For example, it has been found that waterproof substrates can exhibit a water absorption as low as about 15%, while the same substrate alone coated with the same cured hydrophobic coating exhibits a water absorption of about 45%.

The method for providing a water-repellent coating according to the present invention can be performed by providing a substrate with a cured hydrophobic coating on the substrate and simultaneously having another coating on the cured hydrophobic coating by plasma polymerization technology . Such coated substrates are commercially available, and such coated substrates can be advantageously used.

In the case where a substrate having a cured hydrophobic coating thereon has been commercially purchased, in one embodiment, the cured hydrophobic coating has a plasma-treated hydrophilic surface. Although a commercially purchased substrate with a cured hydrophobic coating may be provided with a plasma-treated hydrophilic surface on the cured hydrophobic coating, the method of the present disclosure may further include forming a plasma-treated on the cured hydrophobic coating Hydrophilic surface.

In one embodiment, the method includes plasma treatment to cure the hydrophobic coating to form a hydrophilic surface, wherein a hydrophobic plasma polymer coating will be formed on the hydrophilic surface.

Plasma treatments that produce hydrophilic surfaces on substrates are well known in the art. Generally, the object to be treated (in this case, the cured hydrophobic coating on the substrate) is placed in the reaction chamber. The pressure in the reaction chamber is generally reduced to create a vacuum, and a precursor gas such as oxygen is introduced into the chamber, and by applying energy, the precursor gas is ionized to form a plasma. The generated plasma ions collide with the substrate surface, causing the surface to oxidize and become hydrophilic.

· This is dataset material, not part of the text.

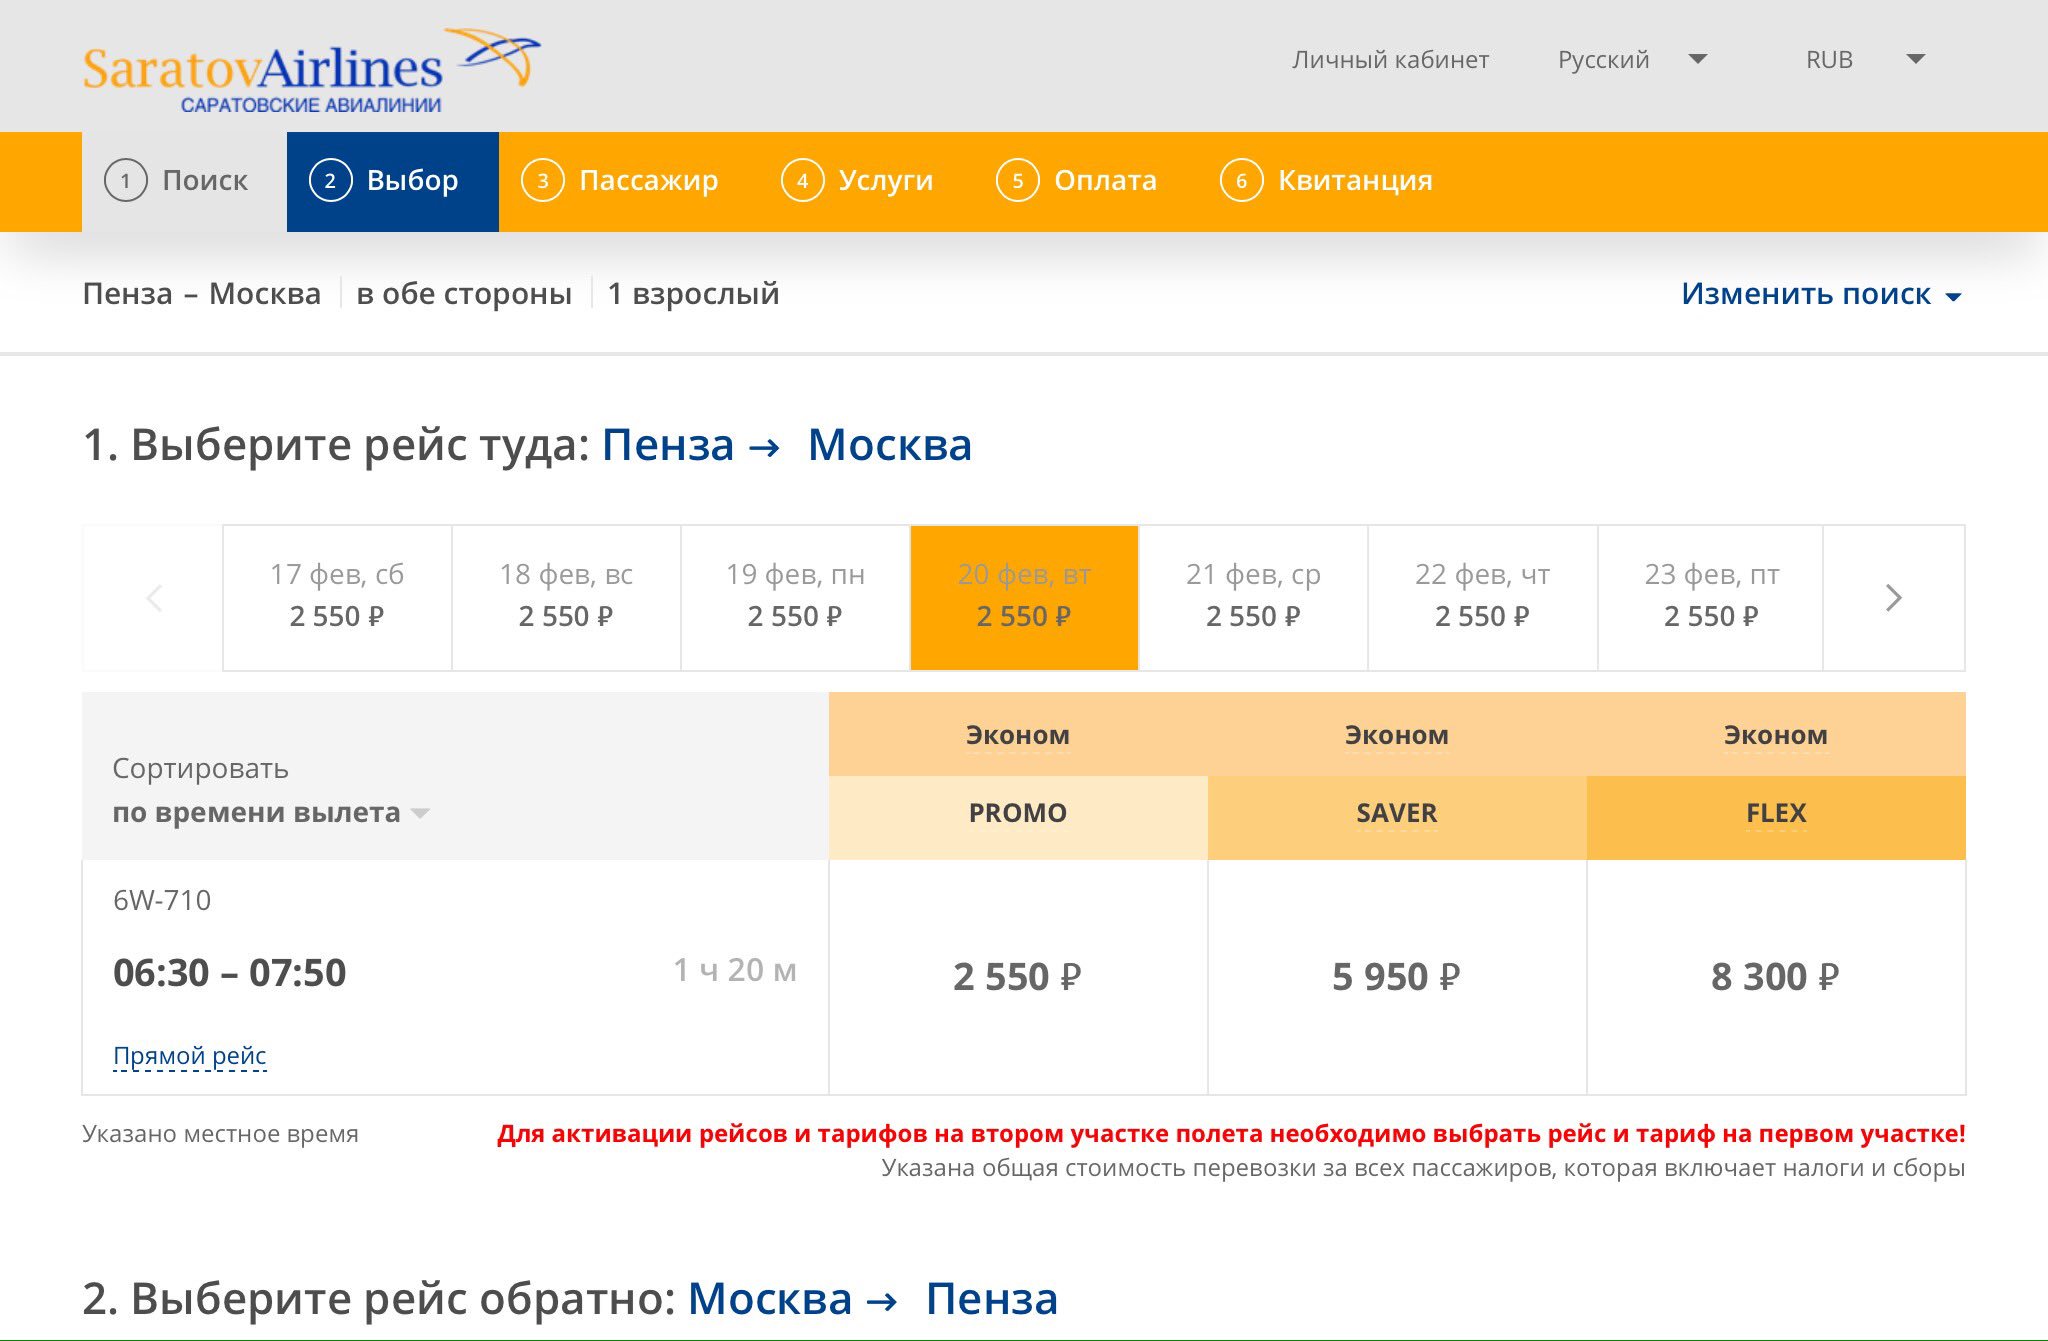 Билеты самолет пенза москва цена авиабилета свердловск владивосток

If necessary, the cured hydrophobic coating may also be subjected to argon or helium plasma treatment before it is plasma treated to form a hydrophilic surface. Argon and helium plasma treatments use argon or helium as precursor gases, respectively, and they have been found to activate and clean the substrate surface, making the substrate surface more susceptible to hydrophilic plasma treatment. Before the substrate is treated with oxygen plasma, the substrate can be similarly treated. It should also be understood that the surface of the cured hydrophobic layer may use only argon and/or helium to etch the surface to cause mechanical bonding. Alternatively, the oxygen plasma treatment can be used to form hydroxyl groups (which are hydrophilic) on the surface, which can more easily form chemical bonds with additional coatings. Therefore, after the corresponding plasma treatment, the cured hydrophobic layer and/or the substrate may have mechanically bonded areas and chemically bonded areas. It is preferable that the substrate and/or the cured hydrophobic layer undergo argon (or helium) plasma treatment and oxygen plasma treatment.

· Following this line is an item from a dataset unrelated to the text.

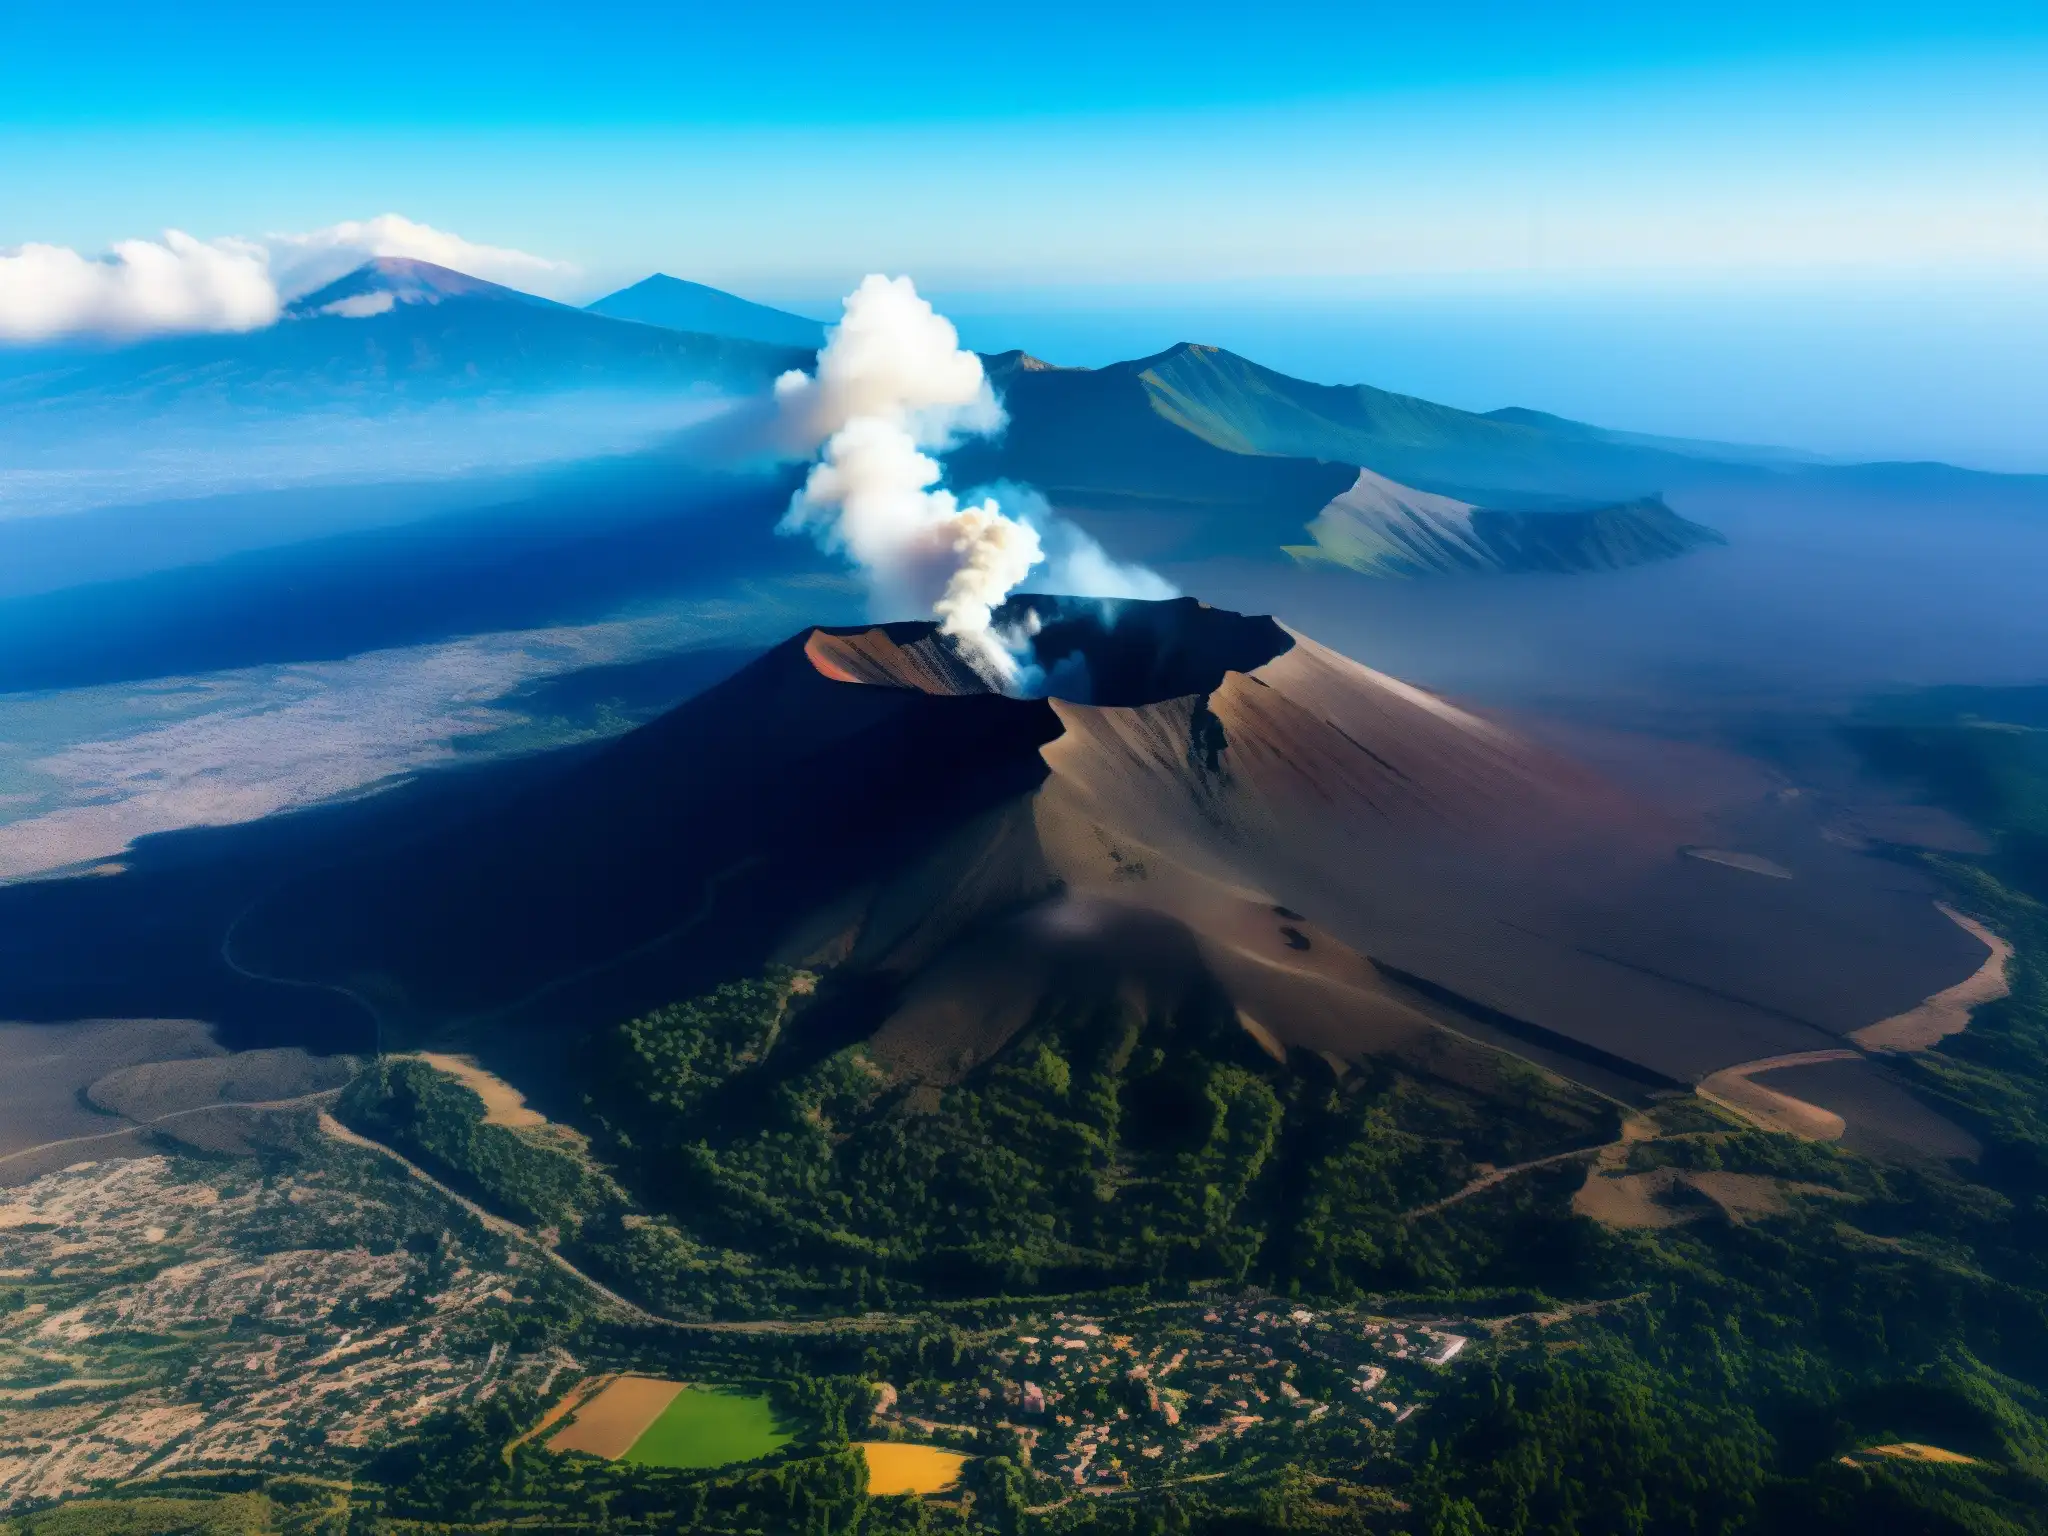 Vista aérea impresionante del majestuoso Monte Etna liberando humo blanco, con paisaje volcánico y pueblos sicilianos

Therefore, in one embodiment, the method includes argon or helium plasma treatment of the cured hydrophobic coating, followed by hydrophilic plasma treatment to provide a hydrophilic surface, wherein a hydrophobic plasma polymer coating is formed on the hydrophilic surface Floor.

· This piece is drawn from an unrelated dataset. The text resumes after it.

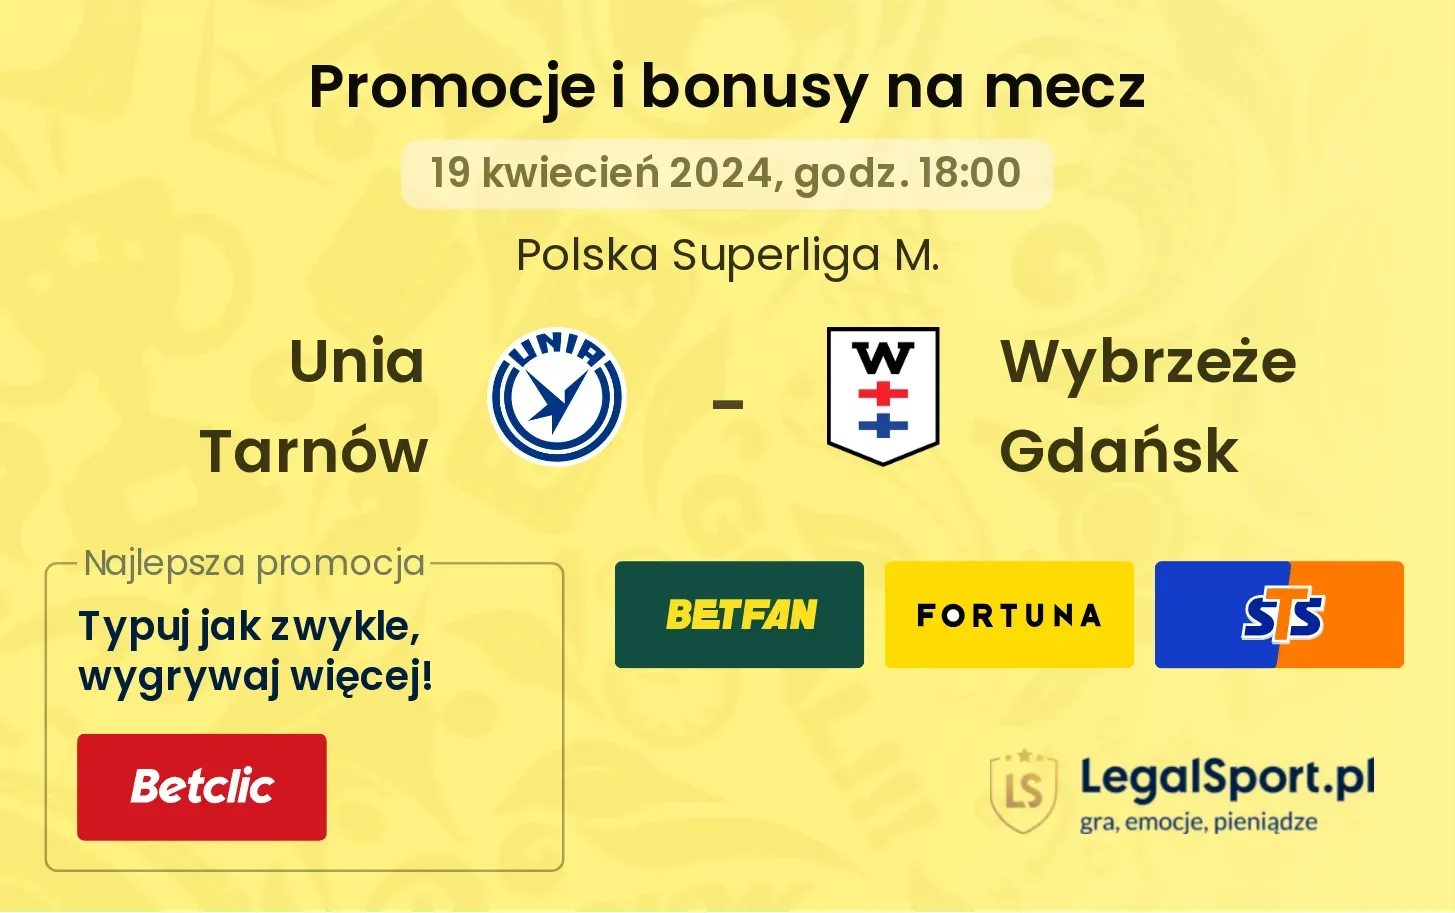 Unia Tarnów - Wybrzeże Gdańsk promocje bonusy na mecz

Alternatively, the method of the present invention does not use a substrate from a commercial source having a cured hydrophobic coating thereon, but may include applying the hydrophobic coating composition to the substrate and curing the hydrophobic coating composition to provide thereon The step of curing the substrate of the hydrophobic coating.

Therefore, in one embodiment, the method includes the steps of applying a hydrophobic coating composition to the substrate and curing the hydrophobic coating composition to provide a substrate having a cured hydrophobic coating thereon.

The improved waterproof substrate of the present disclosure may advantageously use a hydrophobic coating composition conventionally used in the art, which forms a desired cured hydrophobic coating. Examples of such hydrophobic coating compositions include hyperbranched polymer-based compositions, dendrimer-based compositions, siloxyalkyl polymers, fluorocarbon-based compositions, and combinations thereof. These compositions can be provided in a suitable liquid in the form of a dispersion or solution, such as an aqueous liquid or an organic solvent. Specific examples of suitable hydrophobic coating compositions include those described herein, but any desired hydrophobic coating composition can be used.

The hydrophobic coating composition can be advantageously applied to the substrate using conventional techniques and equipment.

Examples of techniques for applying the hydrophobic coating composition to the substrate include depletion, foam, bending nip, nip, pad, kiss roll, baker, skein, winch, liquid injection, flooding, roll, Apply by brush, roller, spray, dipping and reappearing.

If desired, the hydrophobic coating composition can be applied to the substrate in combination with one or more process additives. These process additives may include wetting agents.

Once the hydrophobic coating composition is applied to the substrate, a curing step is required for the hydrophobic coating composition. The required curing step will vary depending on the nature of the hydrophobic coating composition. The specific details of the required curing step will be provided by the manufacturer of the coating composition. For example, if the hydrophobic coating composition can be promoted by adding a catalyst or a cross-linking agent, wherein the catalyst or cross-linking agent is usually included in the hydrophobic coating composition before the hydrophobic coating composition is applied on the substrate , Then curing and/or applying heat to the hydrophobic coating composition that has been applied to the substrate.

When the temperature is used to promote the curing of the applied hydrophobic coating composition, the temperature is generally about 120°C to about 150°C. The temperature of the plasma used for polymerization and/or pretreatment may be a cold plasma, and the temperature is in the range of 20°C to 150°C. Other plasma temperatures can also be used depending on the desired polymerization or functionalization of the coating or substrate.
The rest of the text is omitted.